Говорил распухший мужчина лет сорока пяти, закованный в темно-серый костюм-тройку, обтягивавший его, как кожа быка, да к тому же выпирающий в разных местах. Крупная челюсть выдавалась, волна темных седых волос зачесана назад с блестящего жиром лба, на лице задержалось покровительственное выражение, в нем скука и самодовольство боролись за преобладание. Он склонил голову набок и изобразил узнавание. Это выражение на мгновение сделало его похожим на гигантского азиатского младенца. Я опустил глаза и заметил, что его ноги, как у большинства толстых и самодовольных людей, были маленькими.

ГЛАВА 2

Оказалось, когда, по словам Шейна Говарда, его жена ждала меня в доме, не имелось в виду, что она находится там же, где находились мы: этот дом ныне использовался только в стоматологических целях. Анита провела меня вниз через кухню с каменным полом, заставленную коробками с образцами продукции фармацевтических фирм, стопками календарей и выстиранных белых халатов, на мокрый заросший задний двор. В сгущающемся тумане я прошел еще по одной вымощенной дорожке, обсаженной рябинами, до темного зеленого мраморного пруда примерно пятнадцати футов в диаметре. Низкие бортики образовывали шестиугольник, а каждая сторона и углы были выложены зеленоватым хрусталем с красными вкраплениями величиной с детский кулак. Оранжевые и желтые листья плавали по поверхности мутной воды. В целом это сооружение выглядело красивым, мрачным и странным, напоминая мемориал без посвящения, и я задумался, в чем его назначение и какую загадку он предлагает мне решить. Затем я вспомнил, что недостатком моей работы всегда оказывалась привычка видеть загадку там, где ее не существовало; иногда пруд бывает просто прудом.
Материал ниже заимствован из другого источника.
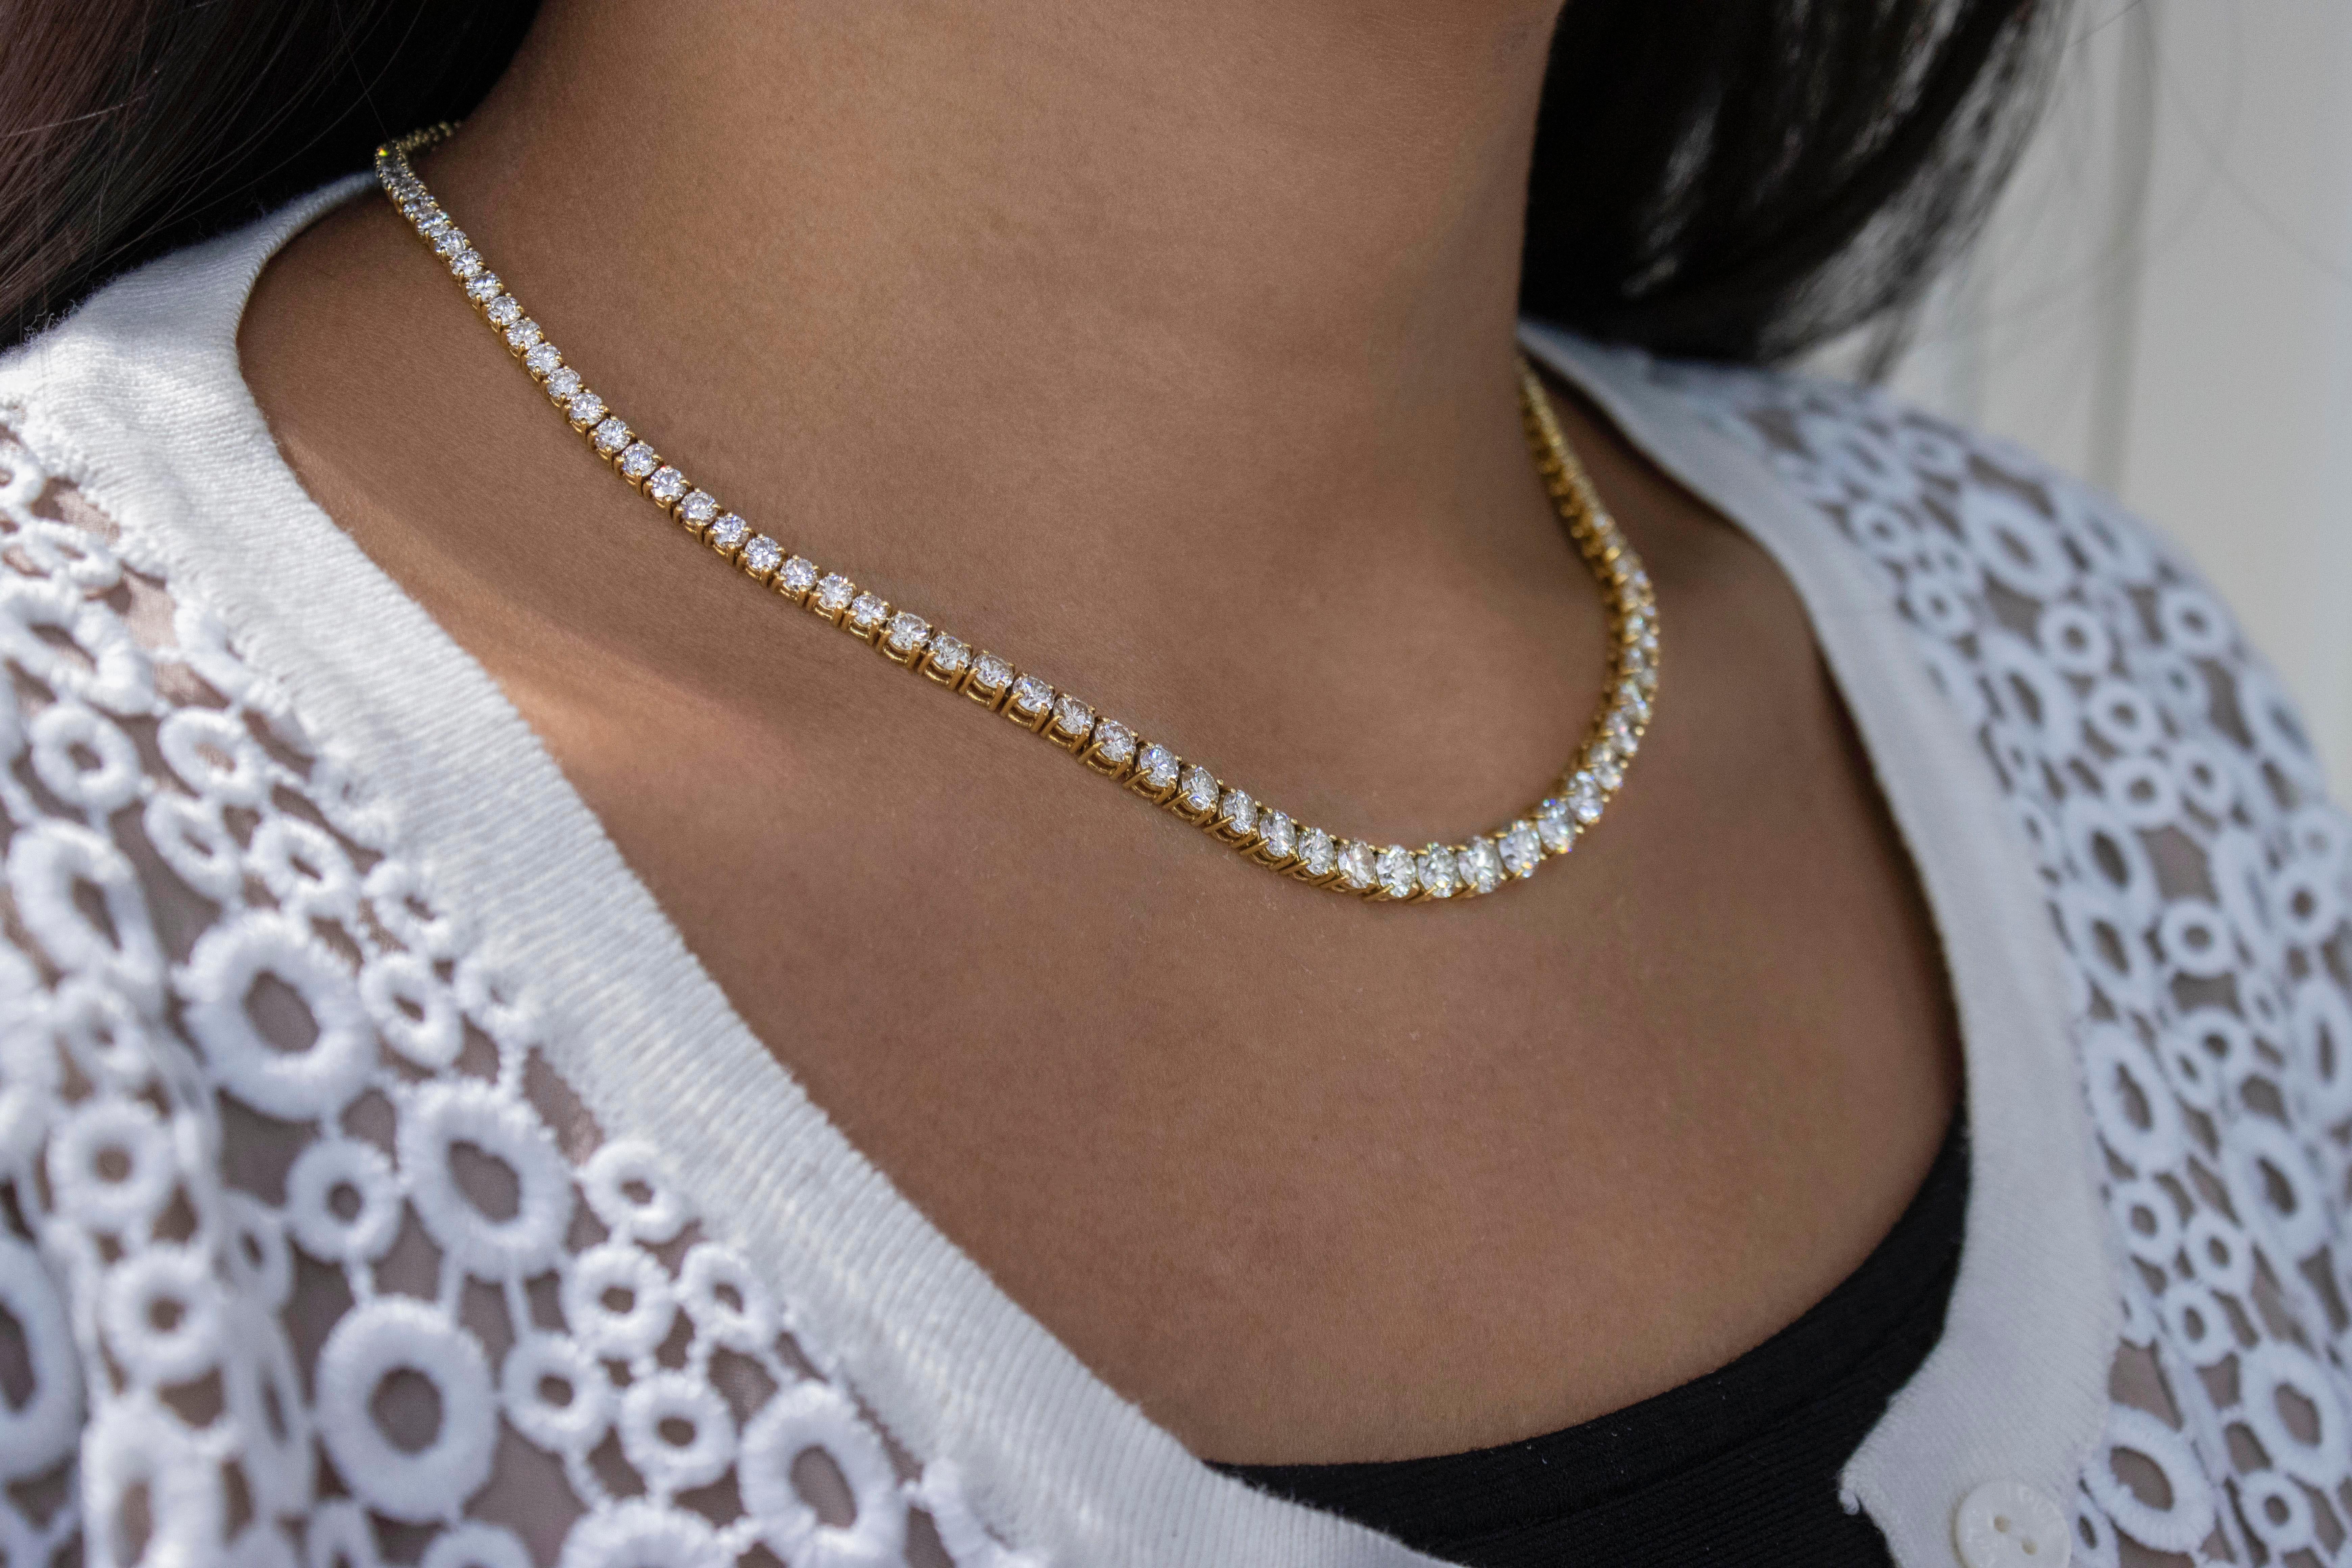 Roman Malakov 20.47 Carat Graduating Round Diamond Riviere Tennis Necklace In New Condition For Sale In New York, NY

В конце сада дверь в белой стене из нетесаного камня вела в сад, где располагалось то, что Анита с придыханием назвала «особняком Говардов» (Анита также старательно избегала называть миссис Говард по имени). Особняк Говардов оказался одноэтажным домом с мансардой, построенным в форме буквы Г, с огромными, от пола до потолка, зеркальными окнами. Сад был максимально ухожен, с крошечными полянками, напоминающими стол для бильярда, и аккуратно подстриженными кустарниками. Перед домом, на мощеной площадке, стоял черный «порше», изящный, как кошка. Сад тут мягко спускался к еще одной белой стене, вдоль нее росли высокие эвкалипты. В сотне футов за стеной железнодорожные пути исчезали в туннеле, а дальше — только серая мгла, где море соединялось с горизонтом. Раздался звук, напоминающий выстрел, за ним последовали треск и шипение фейерверка, слегка развеявшего темноту, и я вспомнил, что сегодня Хэллоуин. Я нажал кнопку звонка, и мне открыла дверь Джессика Говард, проводившая меня в глубь дома, в комнату со стеклянными передней и задней стенами.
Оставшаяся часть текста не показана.